In general, there is enough work available on the Pashto language. However, regarding the recognition of handwritten Pashto text, there is relatively little work. Therefore, we present relevent work that may help in the recognition of handwritten Pashto text. The following texts describe several techniques based on different approaches, including principal component analysis (PCA), hidden Markov model (HMM), artificial neural networks (ANN), convolutional neural networks (CNN), K-nearest neighbor (KNN), recurrent neural network (RNN), histogram of gradients (HoG), zoning features, Scale-Invariant Feature Transform (SIFT) etc.

MacRostie et al. (2004) presented a DIA system for the Pashto language with the name of BBN Byblos. The BBN system is based on HMM and their CER ranges from $2.1$ % to $26.3$ %. However, the dataset they used in their research is not available. A dataset of $1, 000$ syntactically generated images of Pashto ligatures was presented by Wahab, Amin & Ahmed (2009). They have used PCA for ligature classification and obtained $17 %$ accuracy as average. Due to the scale variations in the dataset reported in Wahab, Amin & Ahmed (2009), Ahmad, Amin & Khan (2010) tested SIFT descriptor for classification of those ligatures and achieved $73$ % accuracy and performed better than PCA.

Another work, Ahmad et al. (2015a), used MD-LSTM showing promising results by recognizing ligatures with scale and rotation variations. The system achieved a ligature recognition rate of $99$ %. A dataset named Katib’s Pashto Text Imagebase (KPTI) was introduced by Ahmad et al. (2016) in $2016$ . The KPTI dataset contains $1, 026$ images taken from Pashto-scribed books. The obtained images have been further split into $17, 015$ text-line images using a methods described in Ahmad et al. (2017), Ahmad, Naz & Razzak (2021). The CER on the KPTI dataset was $9.22$ % using MD-LSTM model. The KPTI dataset was further evaluated in Ahmad et al. (2018), where the issue of space anomaly was considered, and hence the accuracy was improved by $2.89$ %. Their approach for handling space anomaly was also validated on Arabic as well as on Urdu text. So far, the related work presented here contains research on real world Pashto text lines. The rest of the work only addressed either individual characters or digits in the Pashto language. Such work is not considered to be fit for generalization to explore language composition and structure.

A medium-sized dataset was presented by Khan et al. (2019) containing $102$ samples of $44$ Pashto characters produced a total of $4, 488$ images in the dataset. They used both KNN and ANN and obtained an accuracy of $70.05$ % and $72$ % respectively (Khan et al., 2020) presented a Pashto Handwritten Numerals Database (PHND) containing $50, 000$ scanned Pashto images for digits. They used CNN and RNN models to evaluate their dataset and obtained an accuracy of $98$ %.

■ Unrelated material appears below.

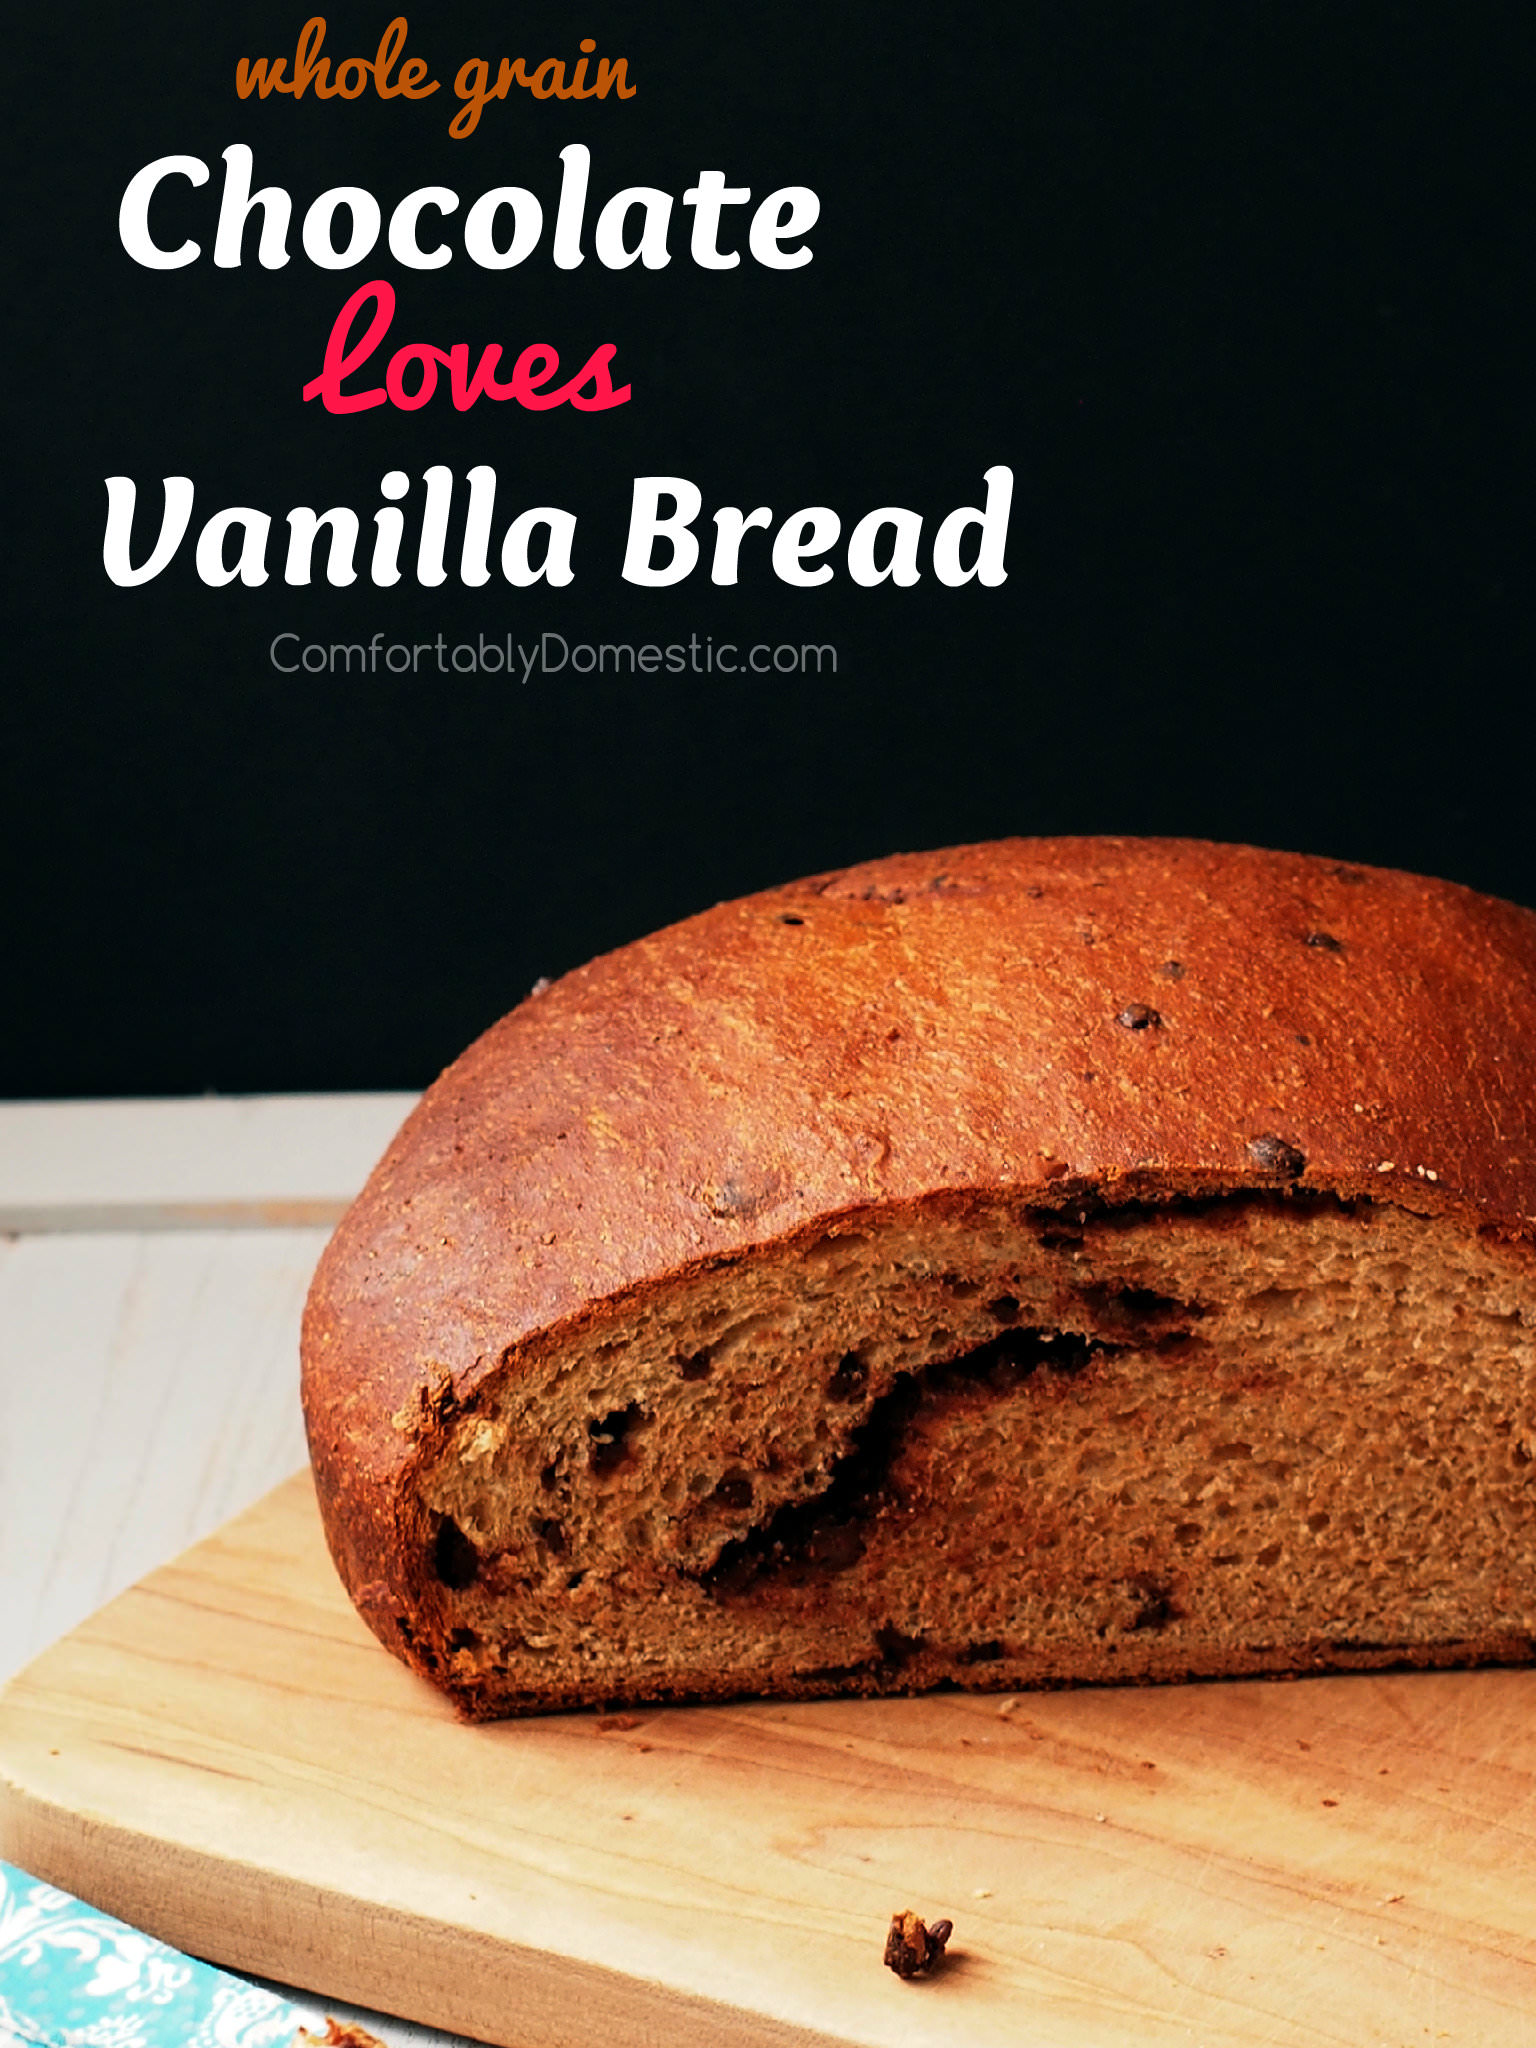 Chocolate loves vanilla, especially in this sweet bread! Sweet, vanilla-infused whole grain sweet dough with a generous helping of chopped chocolate kneaded into tender loaves. | ComfortablyDomestic.com

Likewise, another medium-sized dataset was created by Khan et al. (2021) for the Pashto handwritten characters recognition. There are $8, 800$ images of Pashto characters in the dataset. They used techniques like zoning techniques, Gabor filters and hybrid feature maps. Hybrid feature maps showed a promising result by obtaining an accuracy of $83$ %. Amin, Yasir & Ahn (2020) in $2020$ , created a dataset named Poha containing $26, 400$ images of $44$ Pashto characters and $10$ Pashto digits.They used CNN-based model to evaluate the Poha dataset and has obtained an accuracy of $99.64$ %.

Similarly, Uddin et al. (2021) presented the Pashto handwritten character dataset, consisting of $43, 000$ images. The authors used a deep neural network with a ReLU activation function and obtained an accuracy of $87.6$ %. Another medium-sized dataset was also created by Huang et al. (2021). Their dataset contains $11, 352$ images of Pashto characters. They used KNN algorithm with HoG and zoning features and achieved an accuracy of $80.34$ % on KNN and $76.42$ % on HoG.

Rehman et al. (2021) developed a dataset for Pashto digits and characters. The authors used LeNet, CNN and Deep CNN models for Pashto digits and character recognition. In their work, the Deep CNN shows promising result and yielded an accuracy of $99.42$ % for handwritten Pashto digits and $99.17$ % for handwritten characters.

Siddiqu et al. (2023) developed an isolated Pashto character database for $44$ Pashto alphabets, using a variety of font styles. The database was pre-processed and reduced in size to 32 by 32 pixels, followed by conversion to binary format with a black background and white text.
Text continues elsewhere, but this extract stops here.